Le changement qui s’opère avec l’étude Hope après l'ISAARV au Sénégal est important à la fois sur le plan des acteurs et de leurs intérêts : il s'agit pour les acteurs biomédicaux d'œuvrer à l'accès aux médicaments. A ce moment en effet, les médecins à Gaborone n’imaginaient plus conduire une étude clinique en l’absence d’un accès aux médicaments garanti par le gouvernement :

On pensait à la mise en œuvre de notre essai clinique. Mais on voyait clairement qu’il y avait tellement de personnes infectées et on a commencé à faire des analyses de labo et les CD4 et clairement, nous n’étions pas prêts à ouvrir l’essai clinique pour fournir des ARV donc on voulait fournir232 des ARV aussi rapidement que possible au moins dans un forme pilote (Retranscription d’entretien, Dr Brown, médecin, chercheur, Gaborone, BHP, janvier 2008).
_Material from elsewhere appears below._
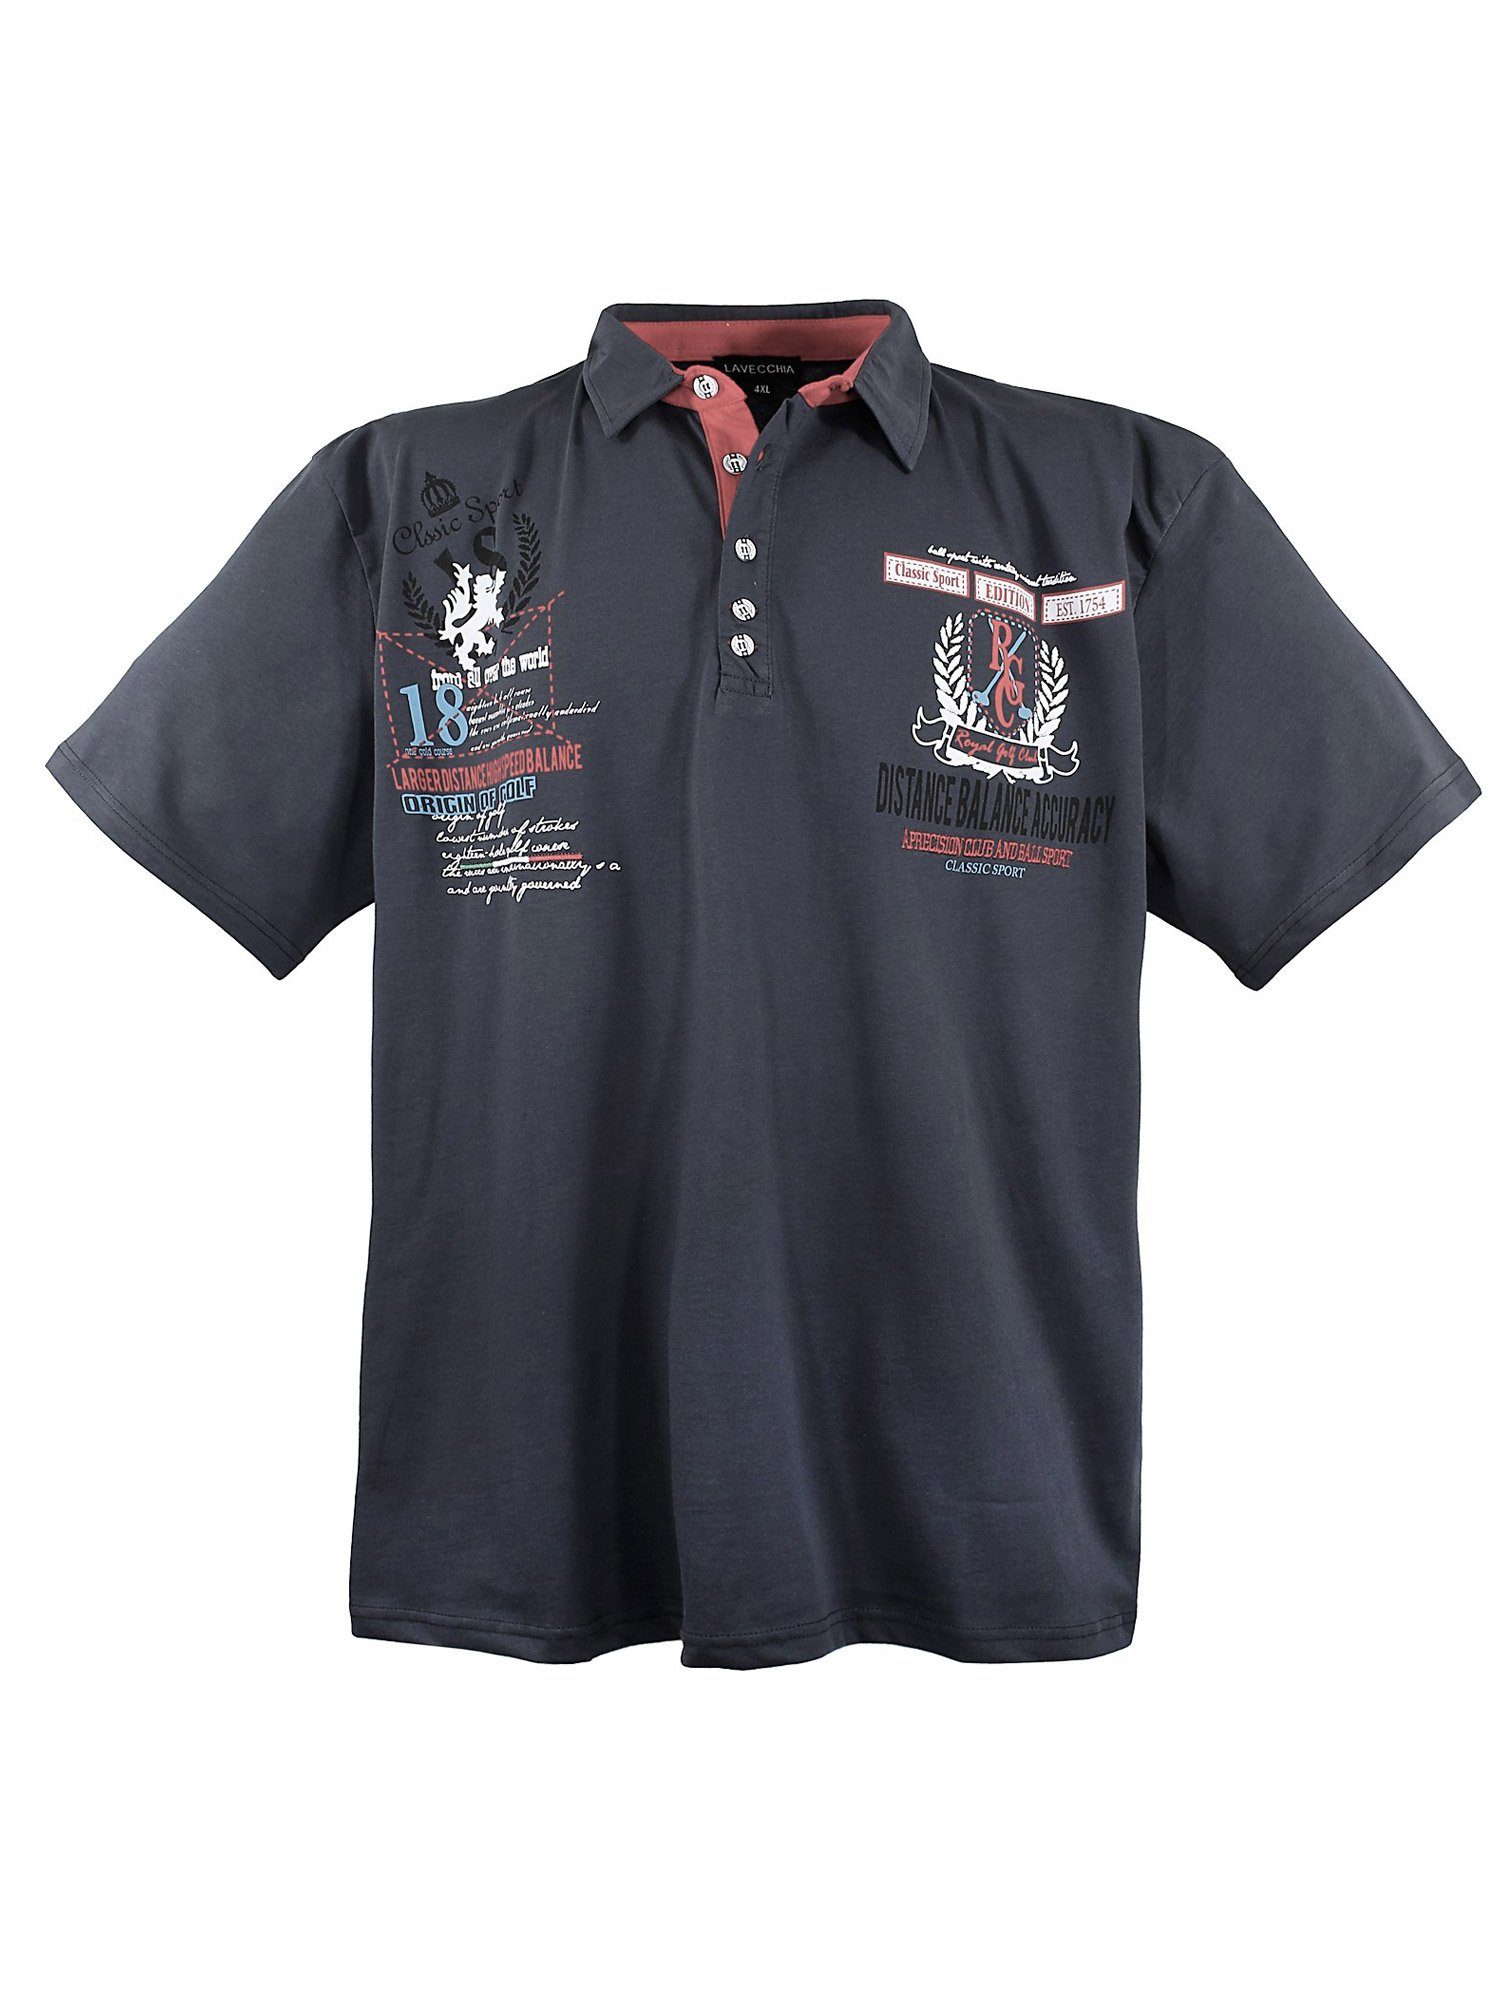 Lavecchia Poloshirt Übergrößen Herren Polo Shirt LV-2038 Herren Polo Shirt anthrazit

Une des clés du tournant de l’étude Hope réside précisément dans l’expression « nous n’étions pas prêts » qui ne signifie pas l’absence de préparation (Dr Moffat vient de dire qu’ils avaient une équipe et n’avaient pas grand-chose à faire) mais plutôt l’existence d’une impasse politique et morale pour les cliniciens chercheurs. Bien que trop coûteuses, des thérapies efficaces existaient et leur mise à disposition en Afrique s’imposait de plus en plus sur un plan politique et moral. En plus d’une mobilisation politique internationale, les controverses sur l’éthique des essais cliniques dans les années 1990 en Afrique contribuèrent à souligner l’inégal accès aux soins233. Il se produisait dans la

communauté internationale un point de basculement à l’issue duquel il n'était plus envisageable de conduire des recherches sur les thérapeutiques du sida au sein de populations privées de soin.